═══ Data below ═══

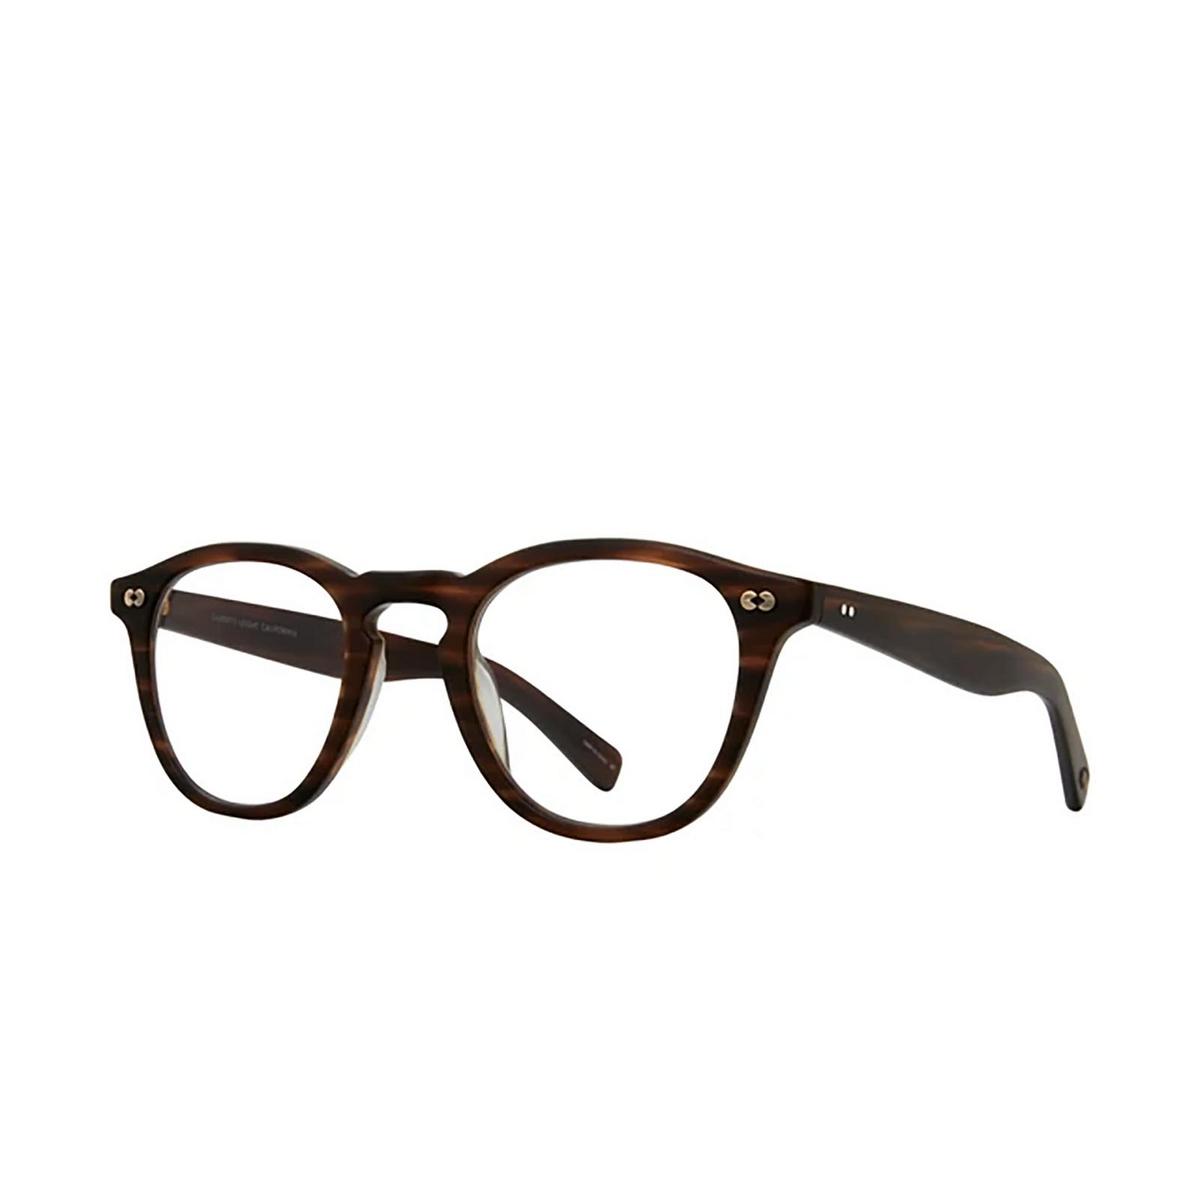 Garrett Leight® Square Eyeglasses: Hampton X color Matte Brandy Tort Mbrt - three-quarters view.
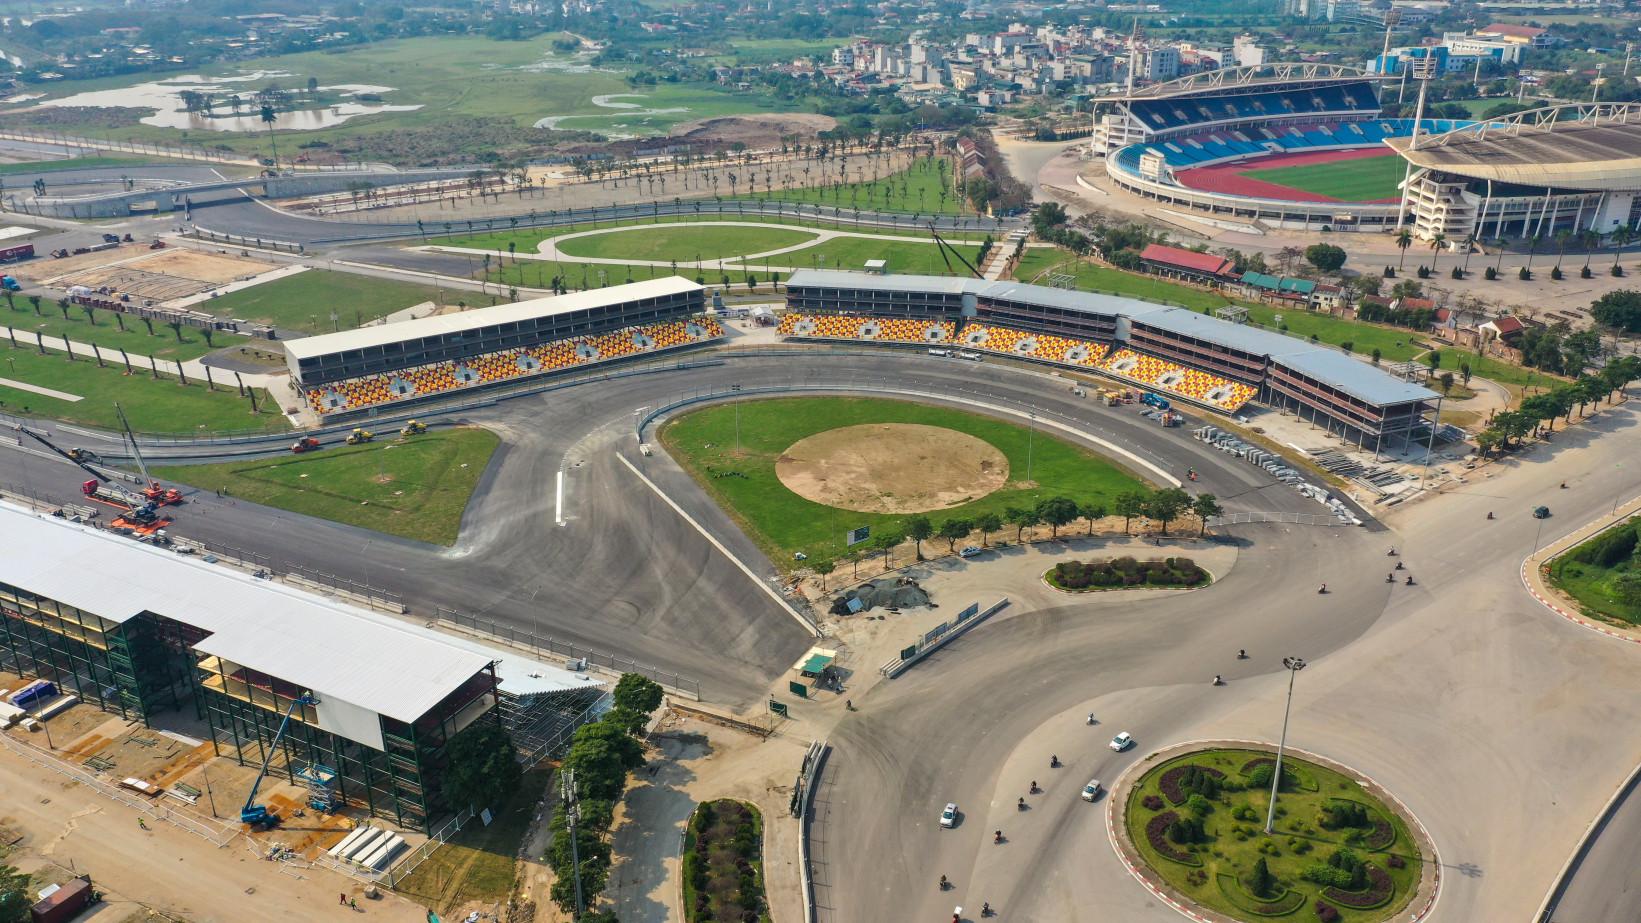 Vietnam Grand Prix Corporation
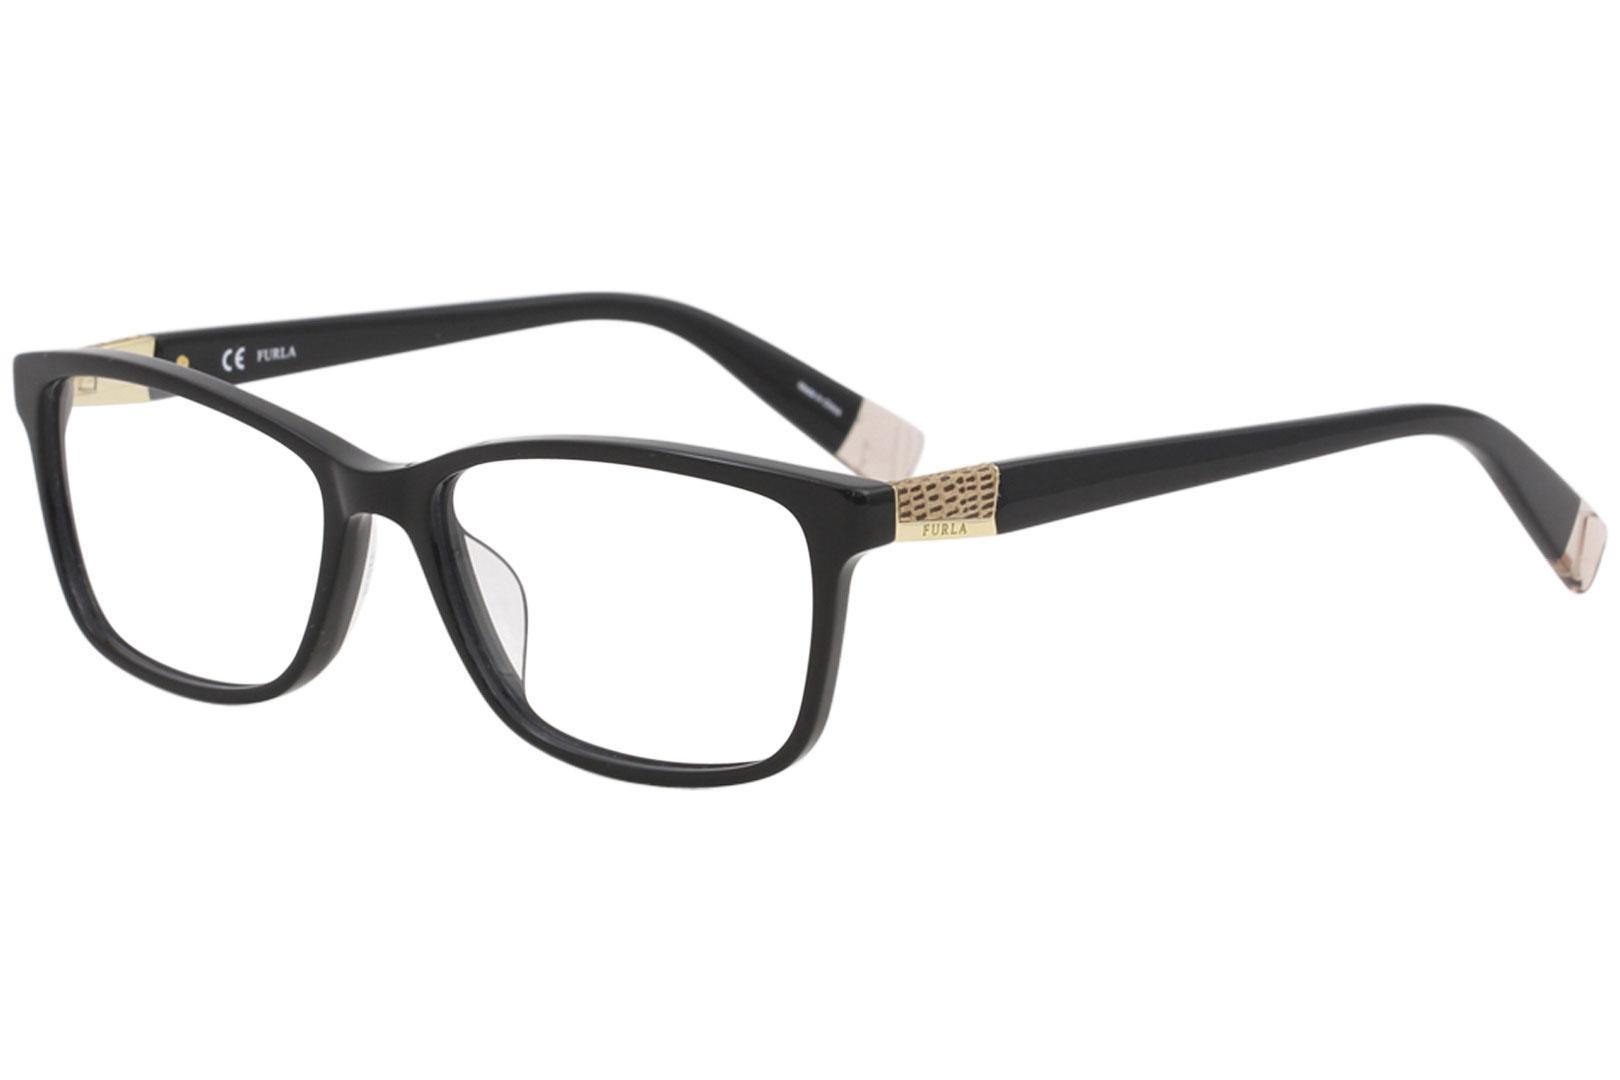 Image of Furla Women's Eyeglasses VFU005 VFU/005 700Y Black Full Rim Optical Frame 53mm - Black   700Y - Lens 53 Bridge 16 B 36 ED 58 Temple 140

═══

### Task statement:
I need the lines from the line containing "Vietnam Grand Prix Corporation" through the final line of the listing duplicated exactly, both ends included, with no pictures and nothing else.

### Exercise solution:
 Vietnam Grand Prix Corporation
 Image of Furla Women's Eyeglasses VFU005 VFU/005 700Y Black Full Rim Optical Frame 53mm - Black   700Y - Lens 53 Bridge 16 B 36 ED 58 Temple 140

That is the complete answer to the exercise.